The 17-year-old girl could not believe her ears when Education Cabinet Secretary Fred Matiang'i mentioned her name as the best student until she received several calls from journalists trying to locate where she was.

“I couldn’t hold back my tears after I heard my name being read out by the CS. I started screaming in joy,” she said.

She said she always worked hard, waking up as early as 4am for morning preps and going to sleep as late as 11pm.

PREPARATION
Karimi, who scored 422 marks in her Kenya Certificate of Primary Education at Chogoria Girls Primary Boarding School, also attributed her success to her teachers who gave her all the attention she needed and parents who made sure she got the right guidance.

She said that she is hoping to pursue Civil engineering at the University of Nairobi because she likes physics.

Karimi said she has always believed in herself and felt that KCSE was not that much different from other mock examinations that she used to pass very well.

HOMESICK

Brian Maina Kamau, the top boy in this year’s KCSE examination, had contemplated leaving Alliance High School in his first months there.

Had his parents granted his request and taken him to a day school, perhaps he could not have clocked 86.757 points to emerge tops among the 315,630 boys who sat the test.

“The first time I came here, I was homesick.

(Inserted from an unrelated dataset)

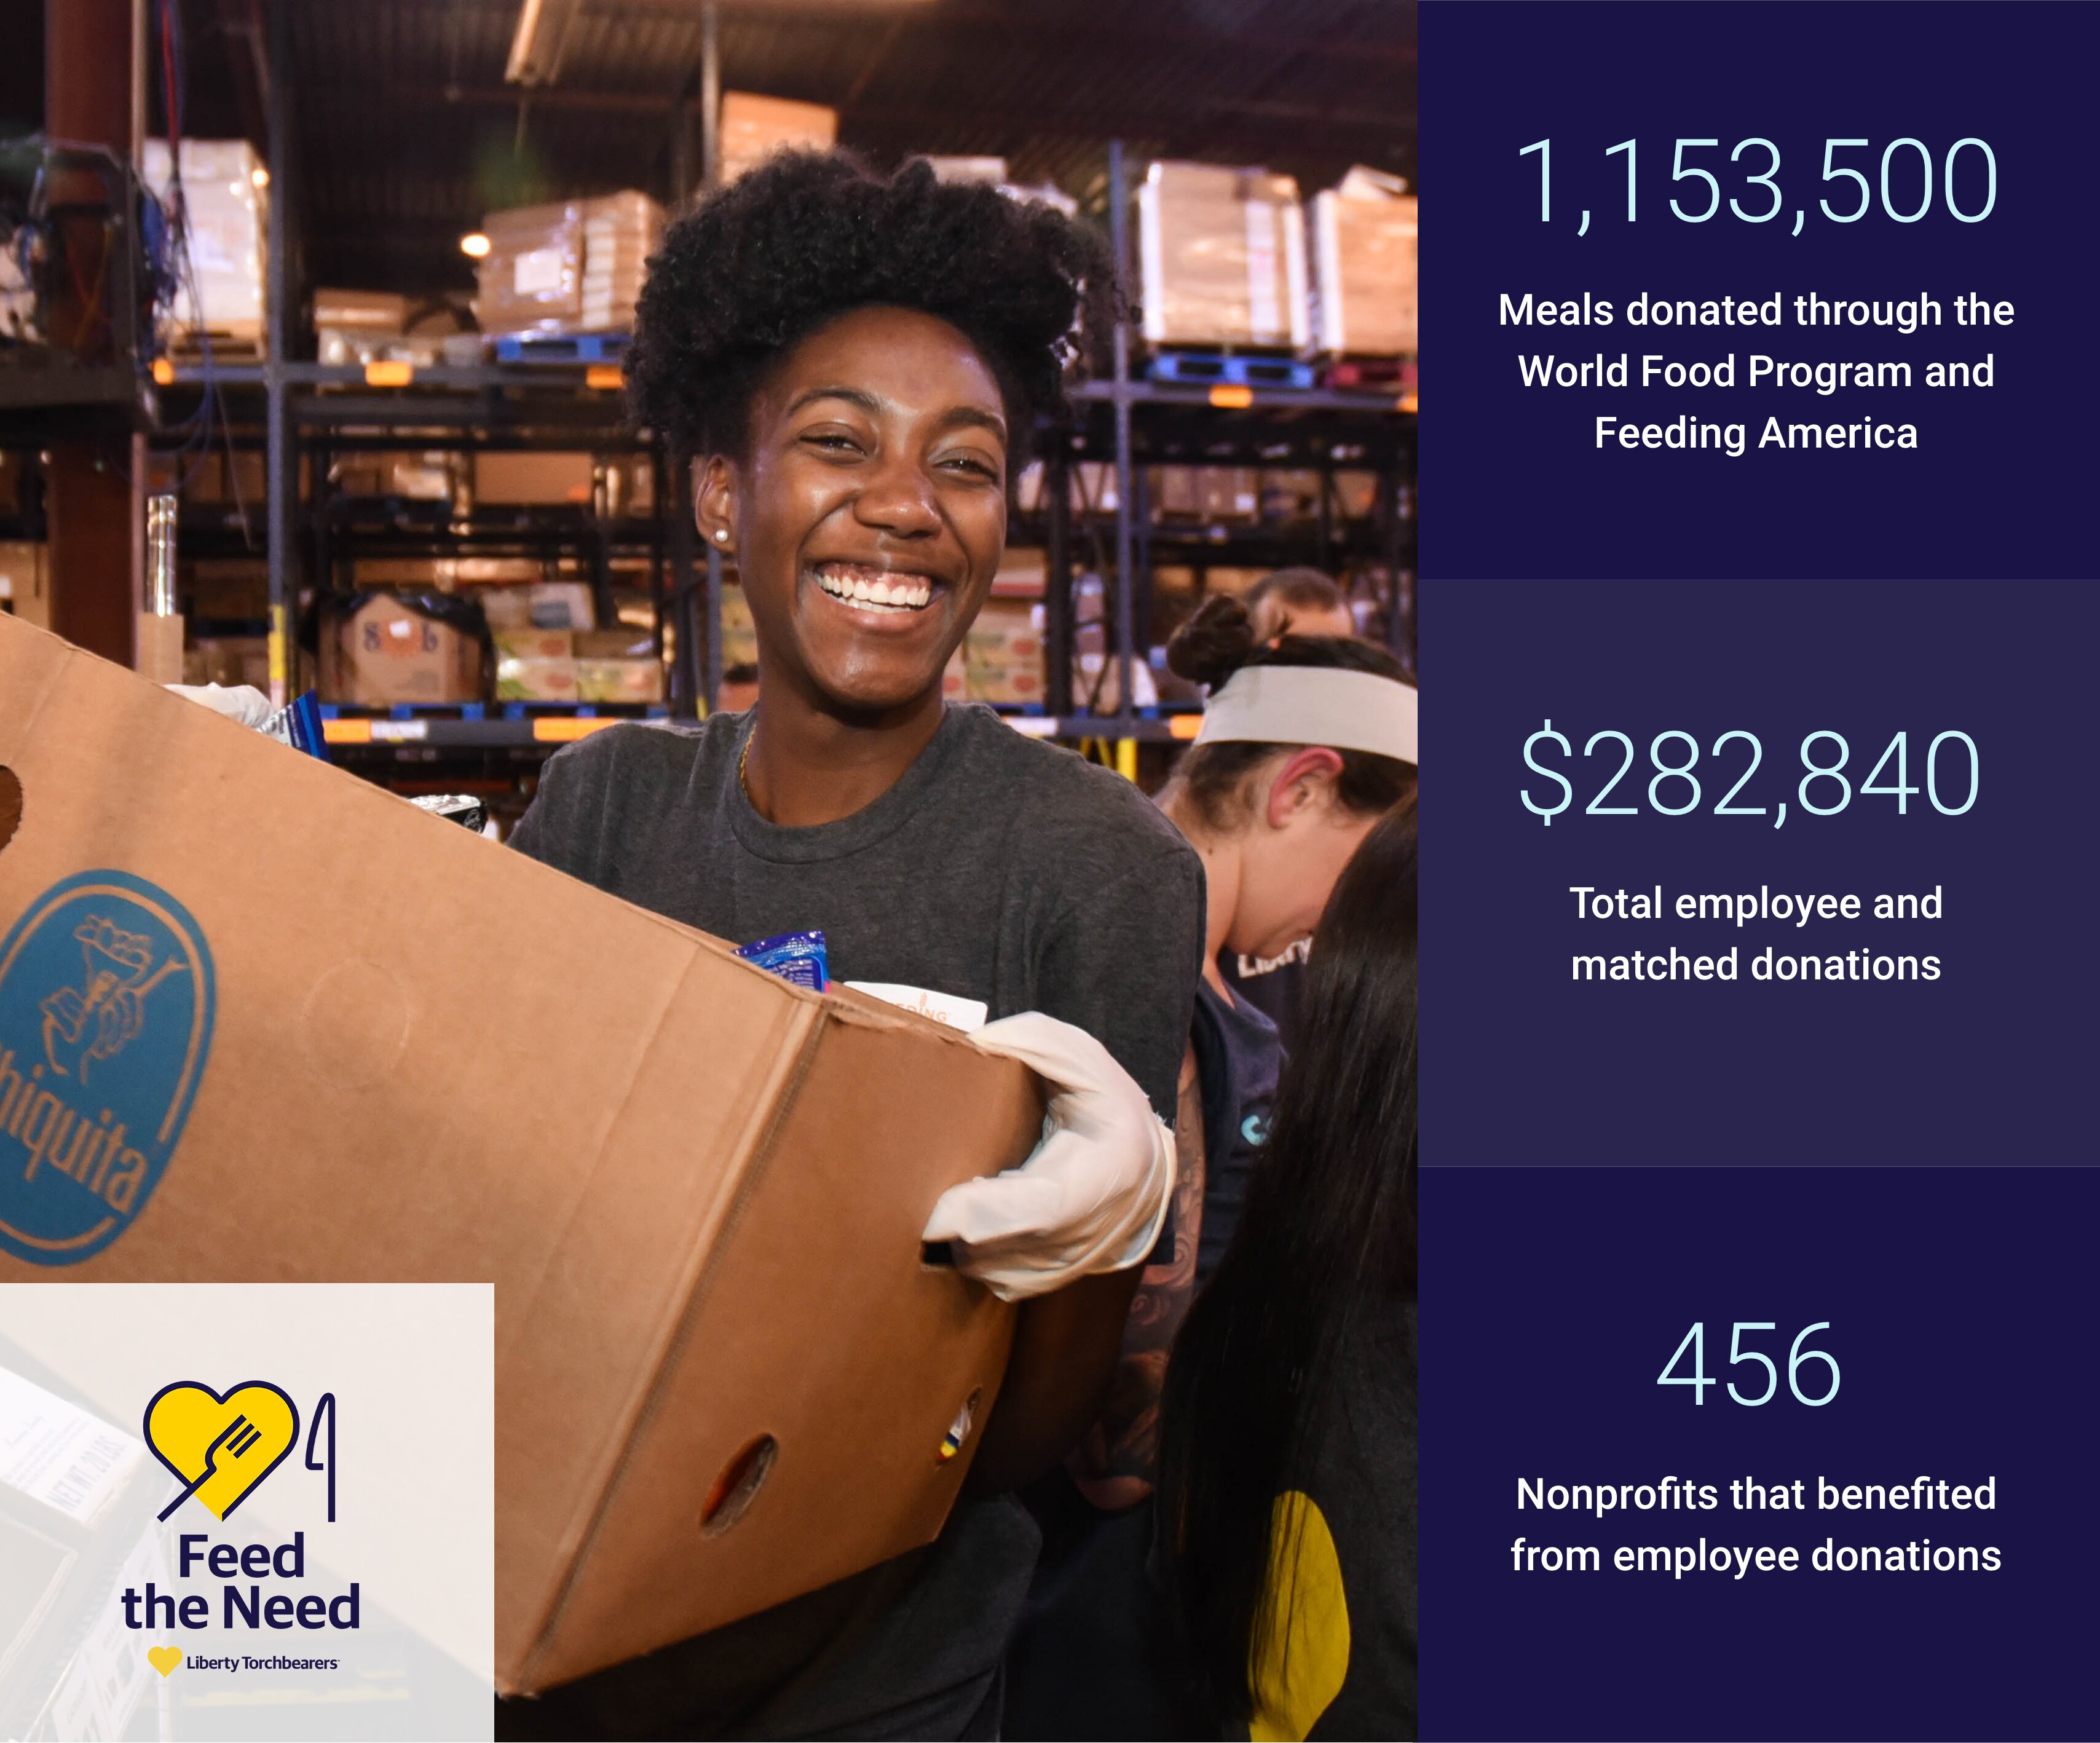 Young woman holding a box smiling to camera. To right are data points: 1,153,500 meals donated through the World Food Program and Feeding America, $282,840 Total employee and matched donations, 456 nonprofits that benefited from employee donations
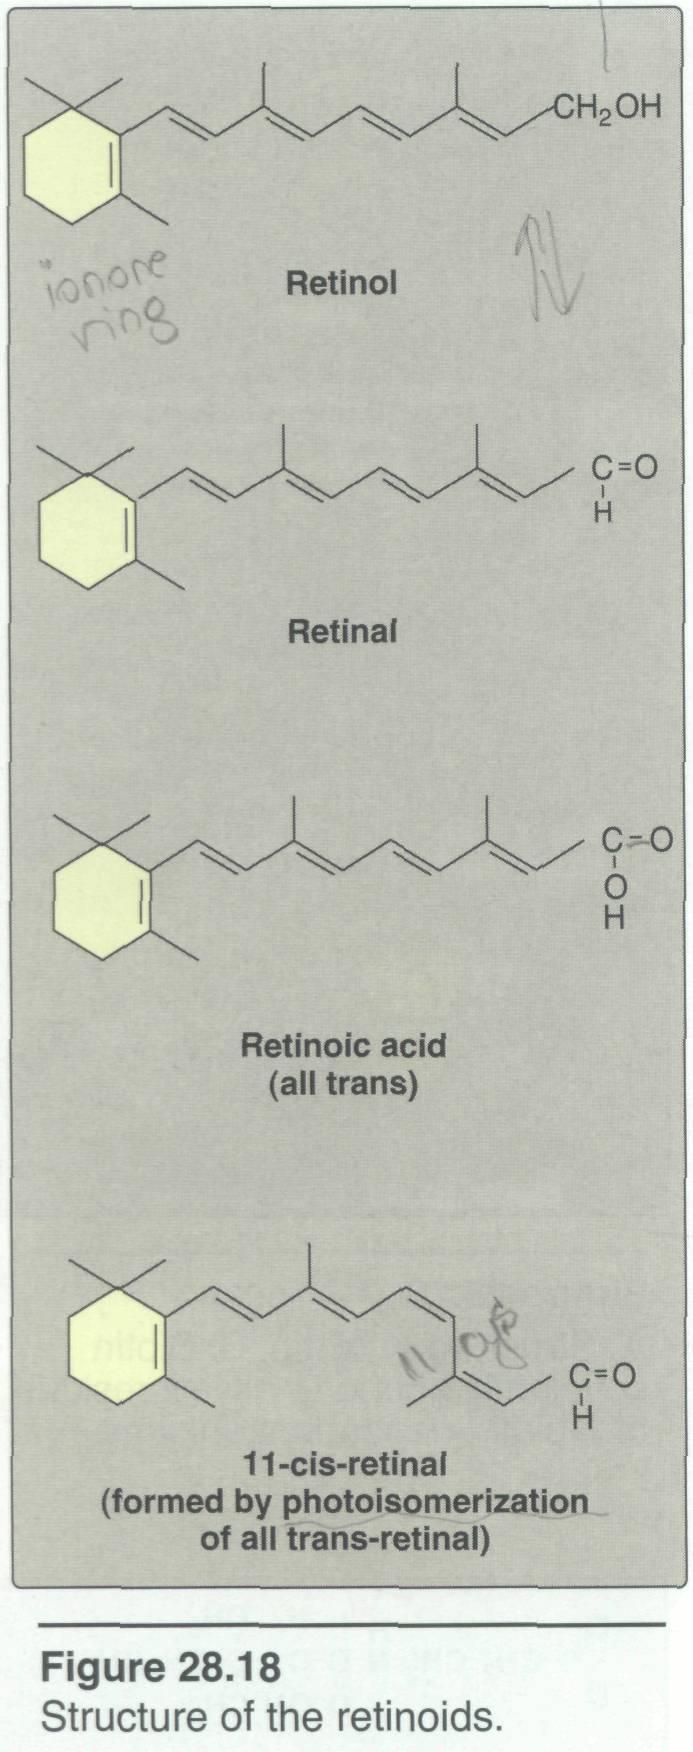 oxidation Aldehyde group trans Don't forget : retinoic acid can't be reduced in the body to retinal or retinol This means that the reaction from retinal to retinoic

I felt like I couldn’t make it,” he told the Nation on Wednesday.

The exam was also full of coincidences for him because he wrote the first paper on November 6, his 17th birthday, and left the school on November 29, the very date his father Dr Gideon Maina — the vice chancellor of the Pioneer International University — had left the institution in 1995.

GRATEFUL
On the request to be transferred, Brian recalled that “life was moving too fast” because he had been day-schooling while in primary.

He wrote a letter to his mother Maryanne Wangari asking for a transfer.

“I have kept it to date,” the mother said.

But his father, knowing the ways of the school, could hear none of it.

“He told me, ‘You must be crazy, mad or both,’” Brian recalled.

On Wednesday, as Brian and his parents plus his younger brother Ian celebrated inside the Alliance compound, he was grateful that his father did not buy his idea.